2013 Calon (St. Georges Saint-Emilion) showed tasty soft fruit, light texture, smoothness, and good balance. 87p. 2013 Calon (Montagne St-Emilion) was similar to St.Georges, with slightly more intense and sappiness. 87p as well. 2013 Corbin Michotte had a fine aroma of grated dark chocolate, splendid ripe dark fruit, remarkable acidity and minerality, fine balance, and a persistent finish. Splendid effort for the vintage. 91p. 2013 Cantelauze had the same fine qualities as Corbin Michotte, the same aroma of chocolate and sensual touch. 91p. 2011 Calon St.

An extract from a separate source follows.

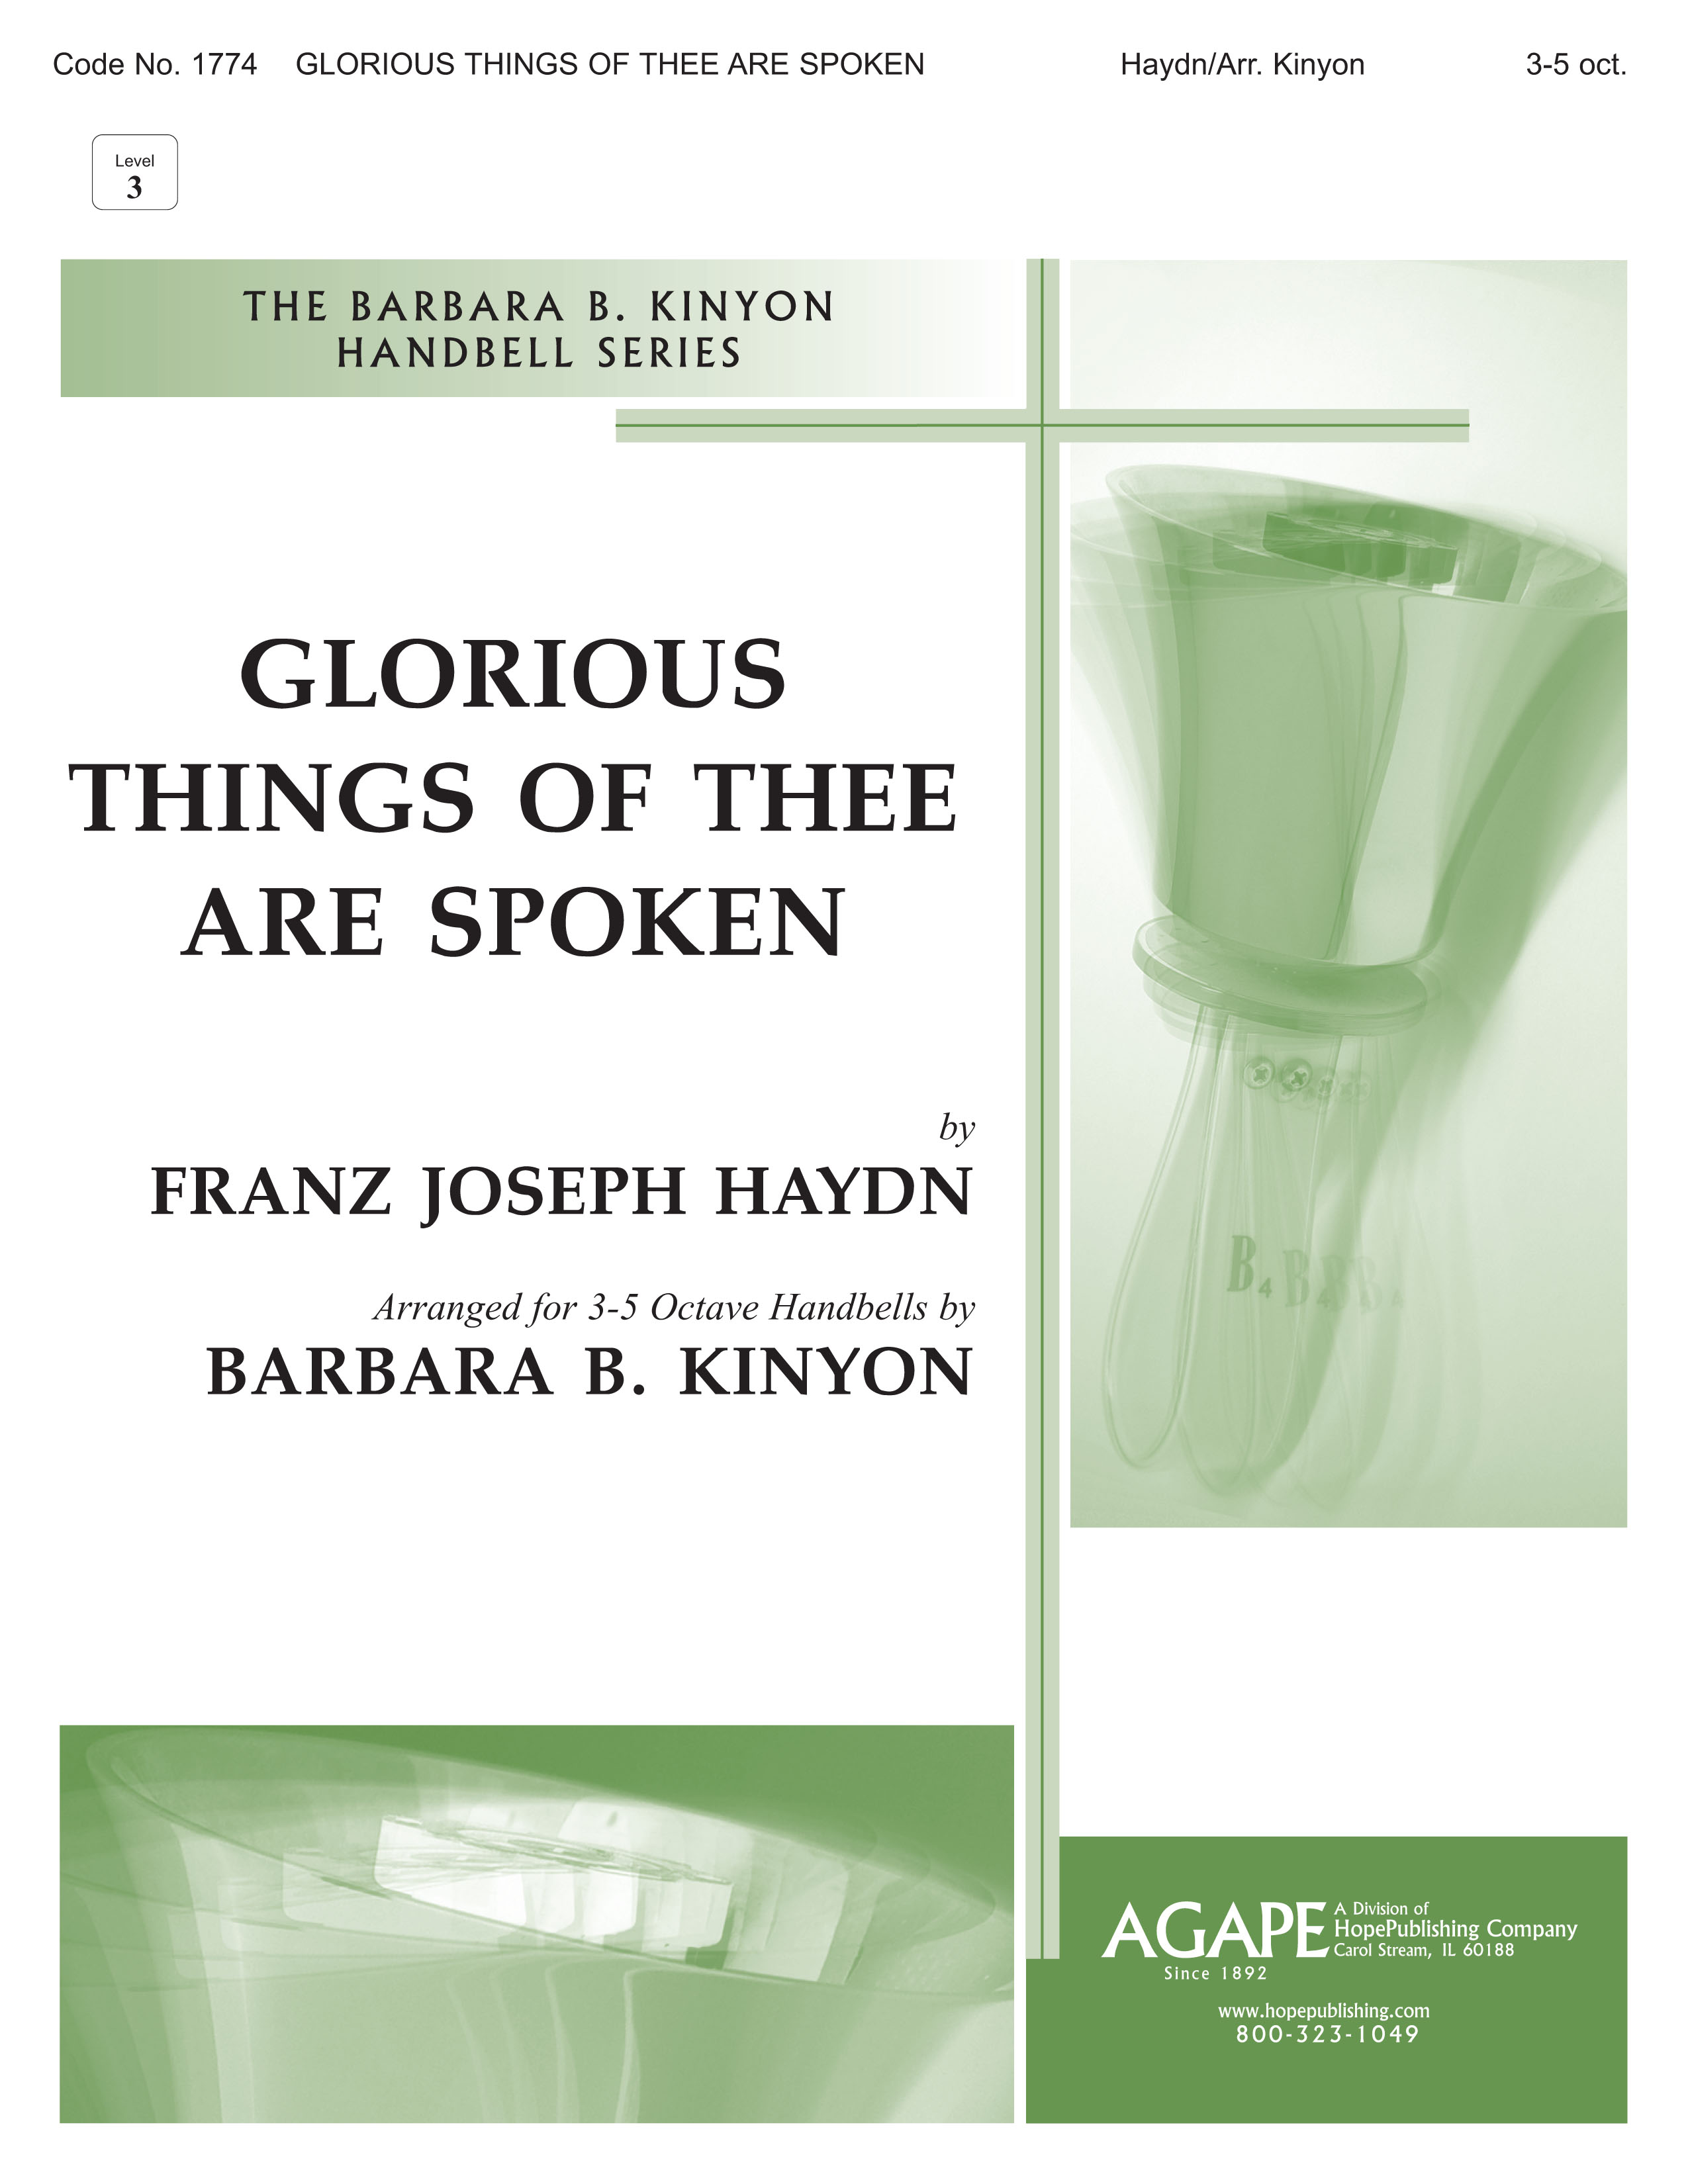 Glorious Things of Thee Are Spoken - 3-5 Oct. Cover Image

Georges was slightly better than its 2013 counterpart, 87-88p. 2011 Corbin Michotte reminded me much of the 2013 version with slightly better ripeness. 91p. 2011 Cantelauze was surprisingly lighter than the 2013 version. Seemed quite closed. 90p.

Tertre Roteboeuf

No harvest activity here on the day of my visit (25th September) - harvest was at least two weeks away. Quick visit - I only tasted wines from the 2013 vintage and Tertre Roteboeuf from the 2010 vintage.

2013 Domaine de Cambes was soft-textured, fruity, and attractive with good balance. Chocolate aroma. Good effort for the vintage. 87p. 2013 Roc de Cambes had well-integrated ripe fruit with soft tannin and mellow structure. Lighter structure than usual this time. 89p. 2013 Tertre Roteboeuf was gracious, aromatic, sublime, dense, ripe fruit, and fresh. Impeccable winemaking. 94p. 2010 Tertre Roteboeuf wanted to keep everything private - it was closed.

Belle Brise

The owner, Henri Bruno de Coincy, welcomed me and told me he expected quite a fine 2014 vintage. Harvest here was more than a week away. Tasting grapes revealed that skins still needed to obtain full phenolic ripeness. They were healthy and in huge quantities, as the picture below shows.


Merlot's pipes are red to light red at Belle Brise - an obvious sign of excellent maturity.